Saturday, January 9, 2010

Last night, after services, I stayed to here Cory Booker, the mayor of Newark, NJ speak to our synagogue audience. Politics isn't usually my thing, but I am on the board of the synagogue and co-chair of programming, and while I had no hand in bringing Mr. Booker to speak, it is my responsibility to support, to the best of my abilities, all that we do at CBI.

In the spirit of newly blossoming friendship, I invited Kathy, who I thought might be interested because of her involvement in local politics,(we will be celebrating her victory this Sunday). She came and returned with me to my home for some good "girl talk", which is always a treat, especially on a weekend when "boy talk" usually dictates my time.

Back to the topic. All I can say is, Wow, what a speaker! If you think Obama is a good orator... for a predominately Jewish audience, I think Booker takes first prize.

To begin with, he is adorable, in a way that any mother would want to hug him. He is so, so affable, so lovable. He speaks with no notes, moving around and gesturing with his entire body. He quotes biblical phrases in Hebrew more capably than most of our own congregants-unbelievable! Each week he studies with the Lubovitcher Rabbi, Rabbi Block, who was a friend and Rabbi to my own family when I lived in Westfield.

Mayor Booker, who let us know he was a Christian, was president of the Chabad house at Oxford, and at Yale, he started, and is still a part of, a Jewish society named Eliezer.

As I understood it, Booker's talk was broadly about having moral courage. We must listen to our moral compasses, stand up for what we believe is just, and do the hard things to make the world a better place.
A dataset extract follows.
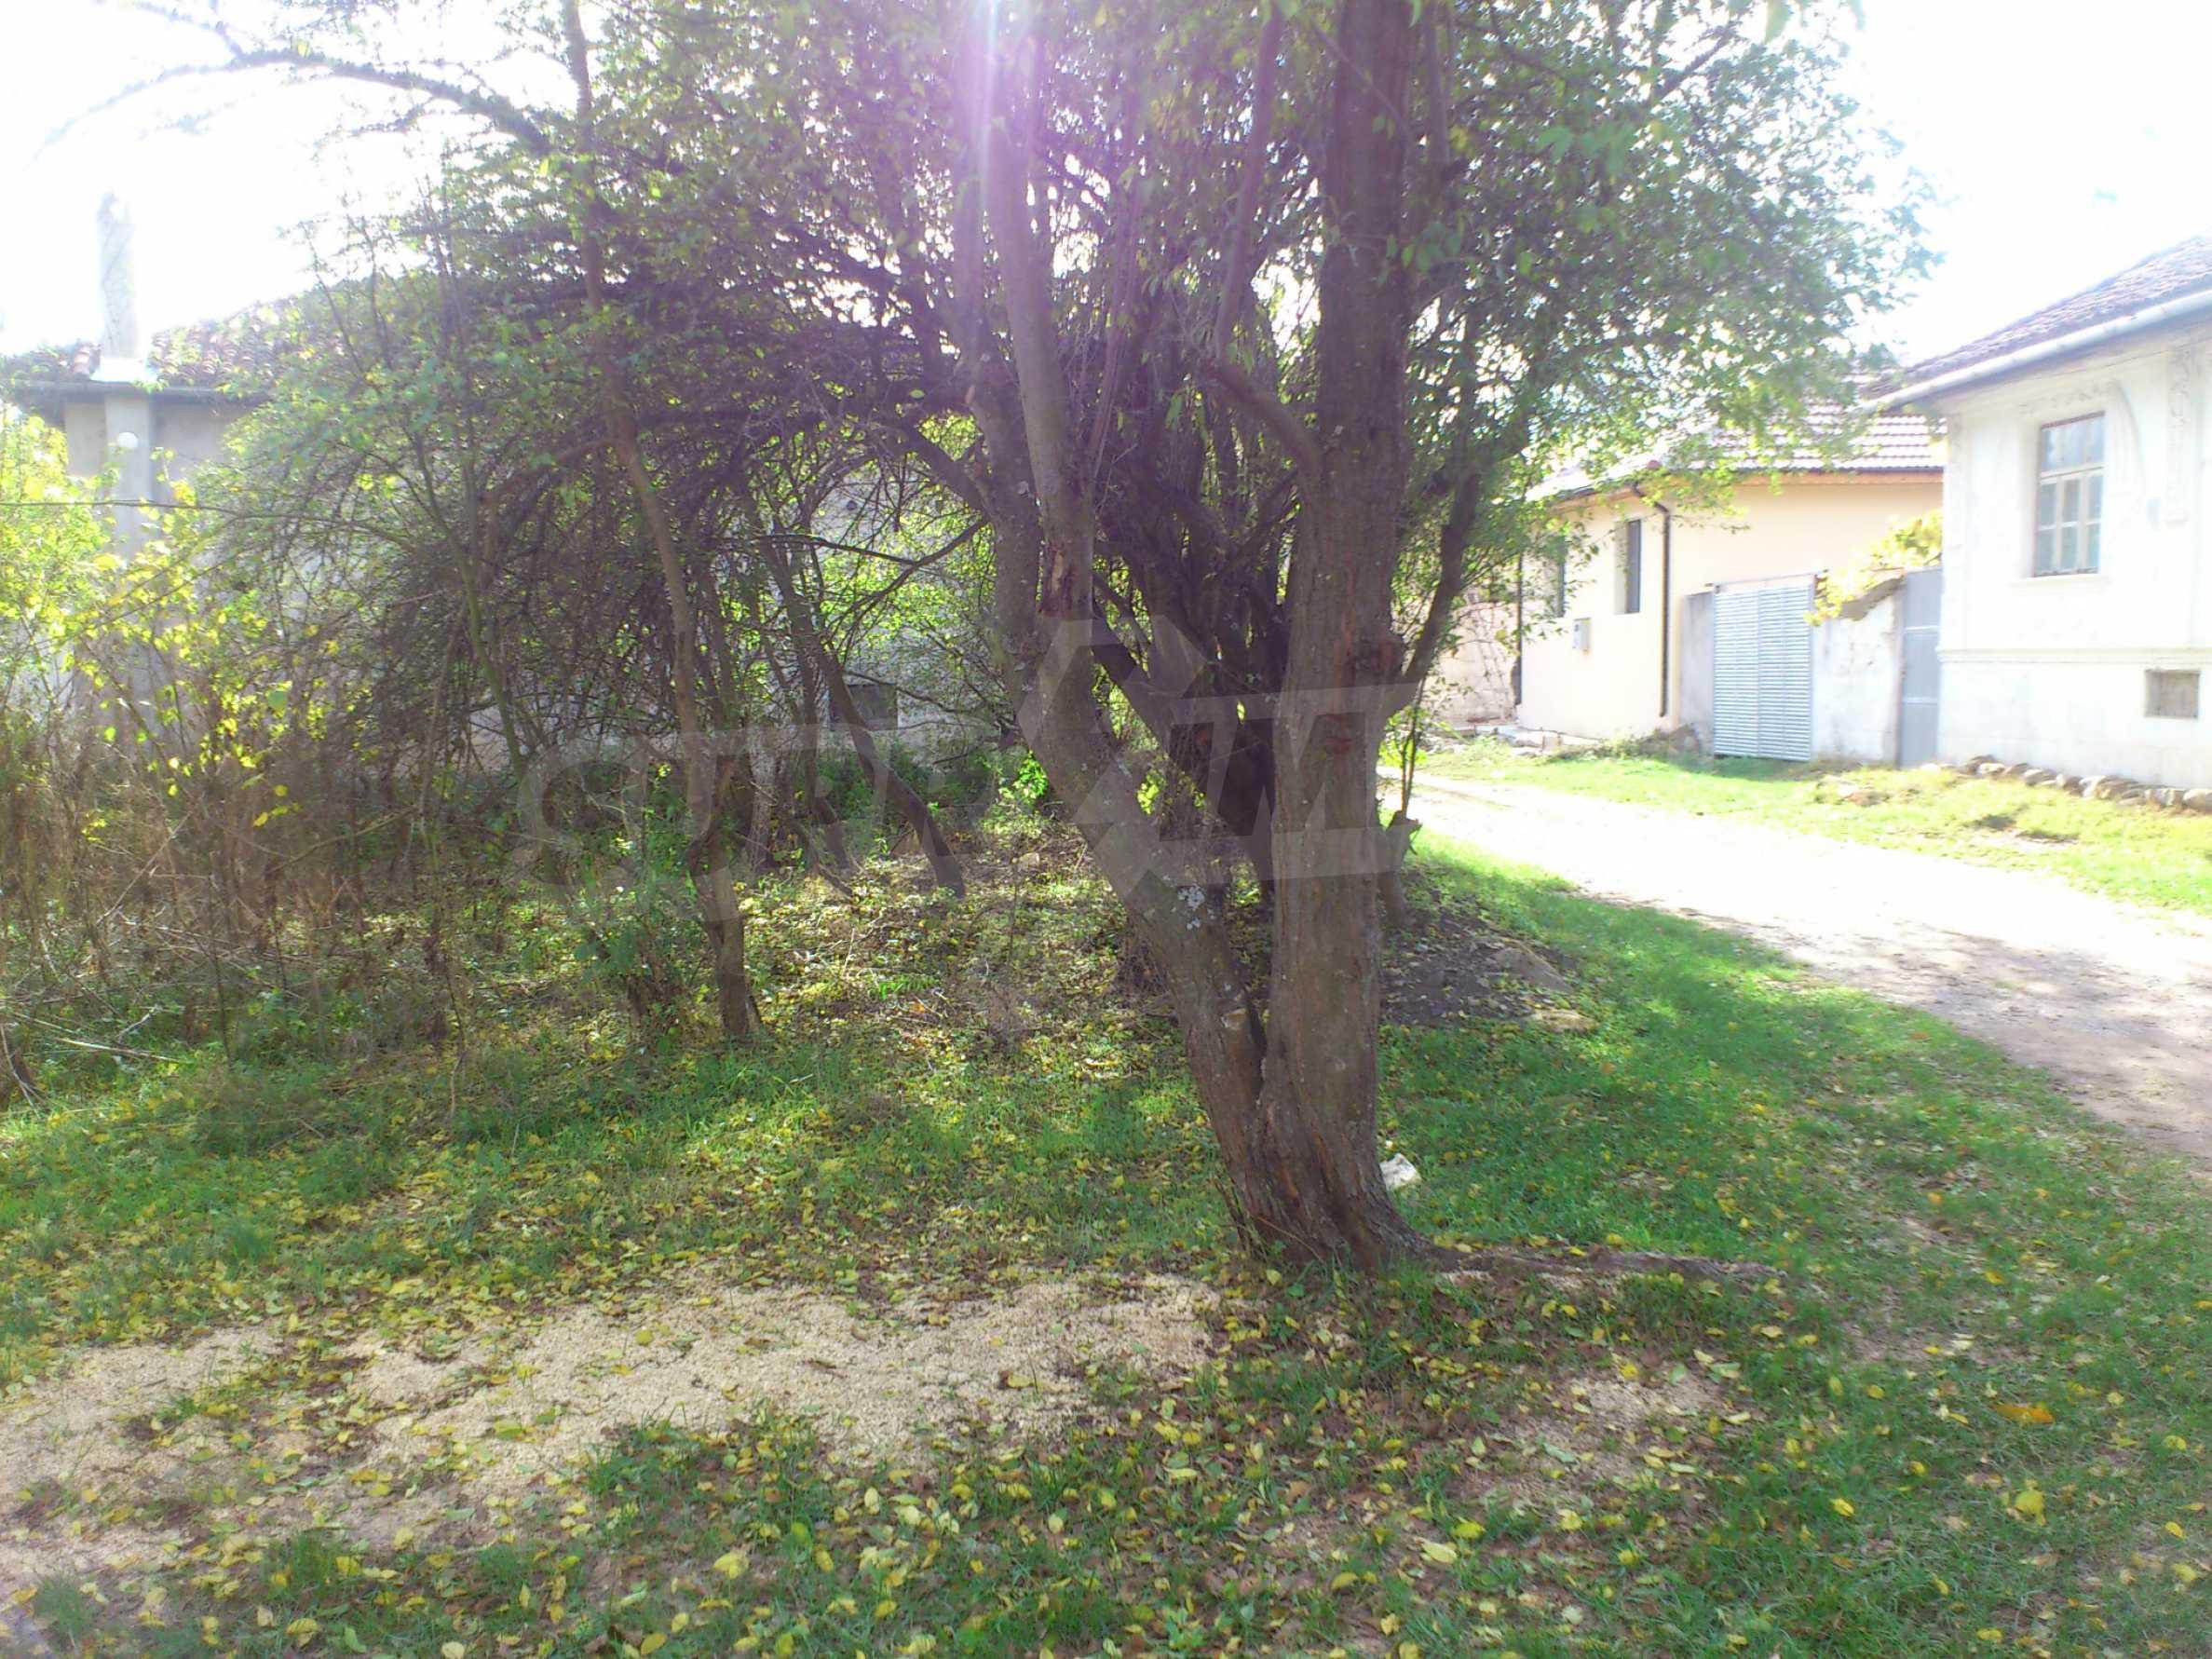 Hof nur 17 km von Veliko Tarnovo entfernt 4

Tikkun Olam, repairing the world is at the essence of Jewish teaching and it was the underlying message of his presentation.

I got depressed when I thought about all the pearls of wisdom he shared with us last night, and recognized the fact that my failing memory prohibits me from remembering most of them. (a blog for another day). But I got the gist, and that is inspiration enough. How I internalize Booker's message, and what I do with that inspiration will be the ultimate birthday present.
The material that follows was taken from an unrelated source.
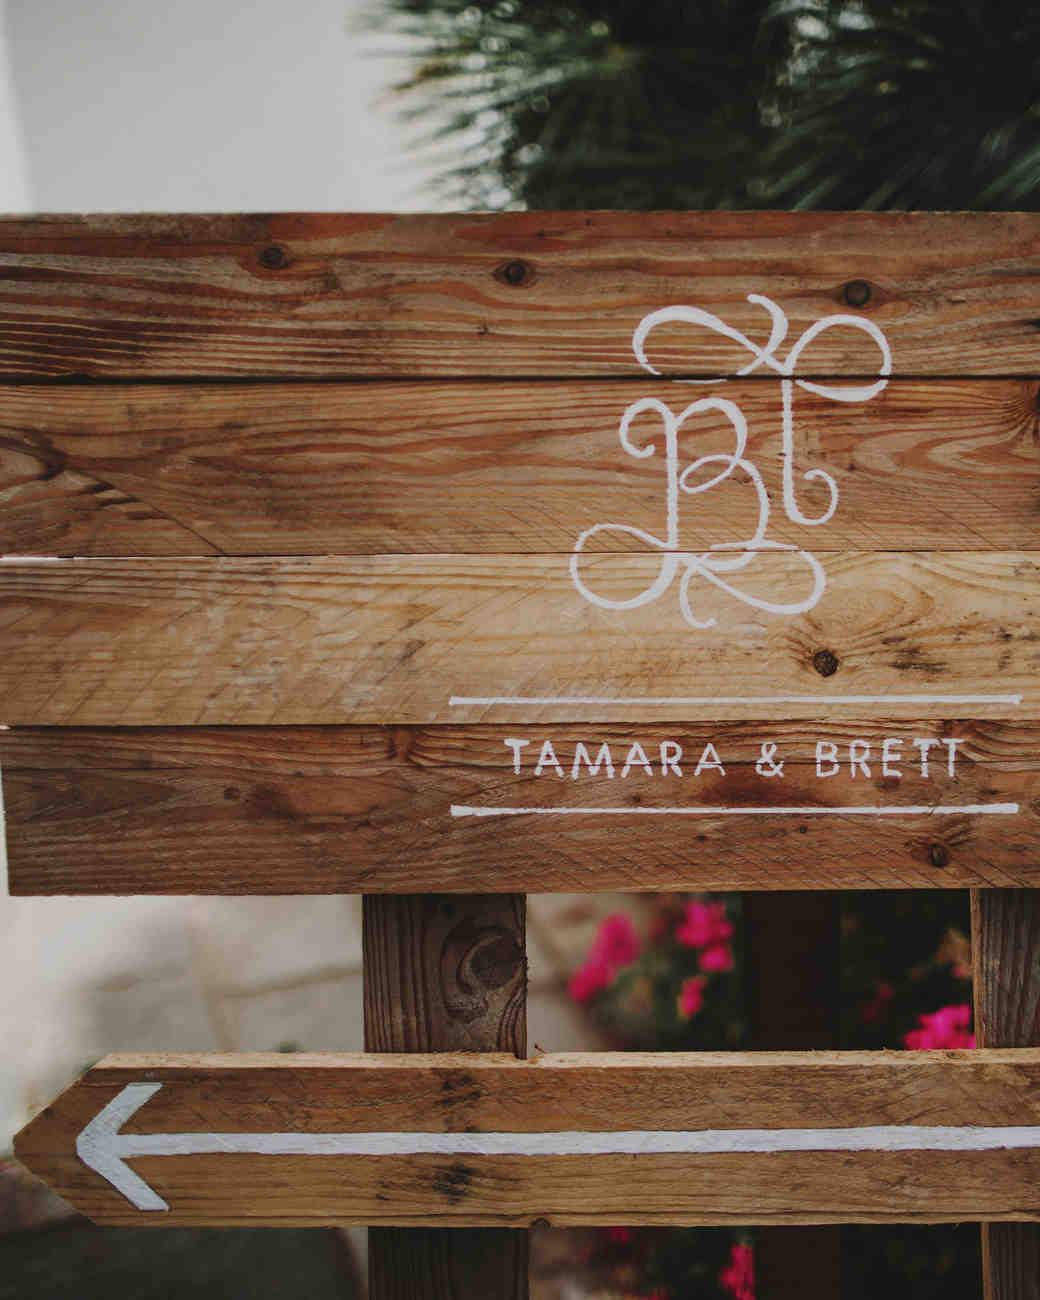 tamara-brett-wedding-signage-0165-s112120-0915.jpg

Mayor Booker read this Torah quote from the plaque that stands at the Lorraine Hotel, where Martin Luther King was shot.It is from the story of Jacob's son Joseph and his brothers who envied him and plotted to kill him. "They said one to another, behold here cometh the Dreamer. Let us slay him and we shall see what becomes of his dreams." (GENESIS chapter 37 verses 19 and 20

Dreams are important. They provide us material for setting lofty goals and planning strategies to reach them. However, its one thing to dream, and its a completely different thing to actualize them. To this point, the mayor said something that really resonated with me. I will paraphrase for lack of memory,
"Don't let not doing everything, stop you from doing something."
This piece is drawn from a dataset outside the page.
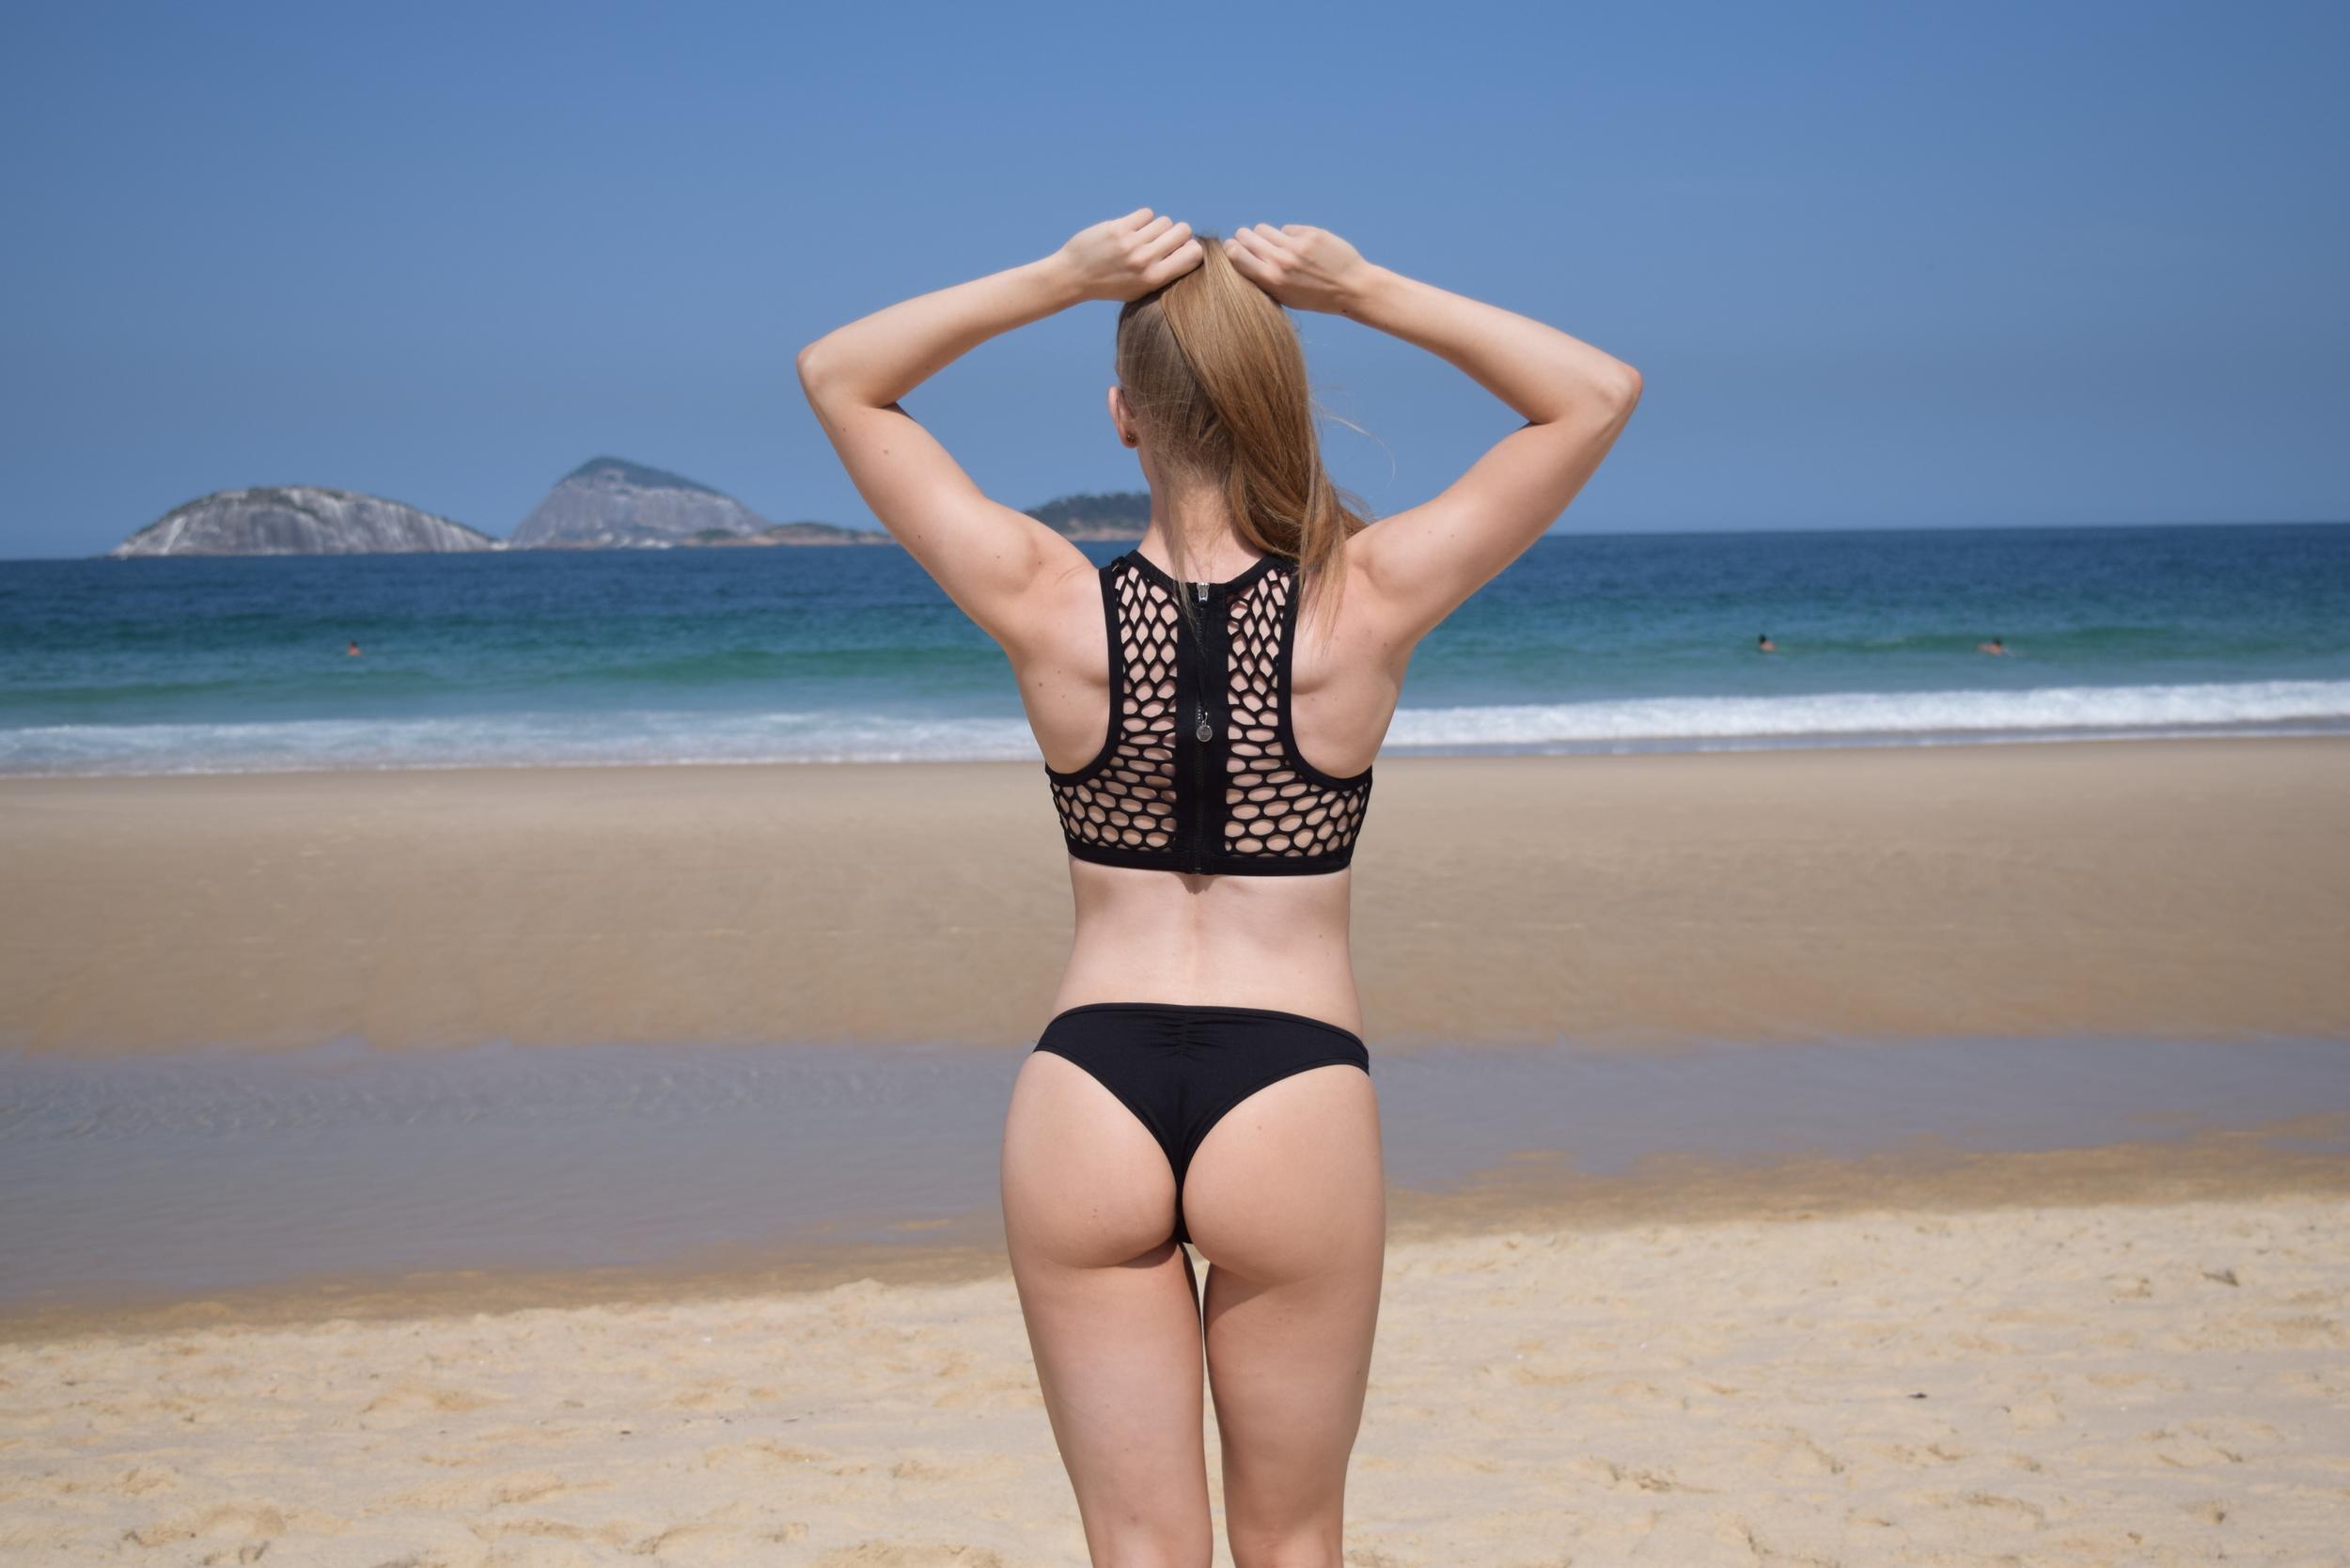 Fitness-Blogger-Rio-Olympics-Brazil-Bikini

You see, I am an ideas person, not the follow-through guy. I have come to realize that the "BIG CHANGE THE WORLD STUFF", that fills my head day and night, is probably beyond my reach, and I have settled for doing my small part to make the world a better place. But there are many days when "my small part" seems wholly inadequate for the myriad of problems that plague us.

Cory Booker's gift to me was in reminding me that it takes every small step to make a big difference, and that I should continue to do what I can, even if I cannot do everything I want.

Its about time I learned this at 50!

1 comment:

  1. Thank you for inviting Kathy. She enjoyed the evening. She raved about Mayor Booker's oratorical abilities. I look forward to seeing you tomorrow.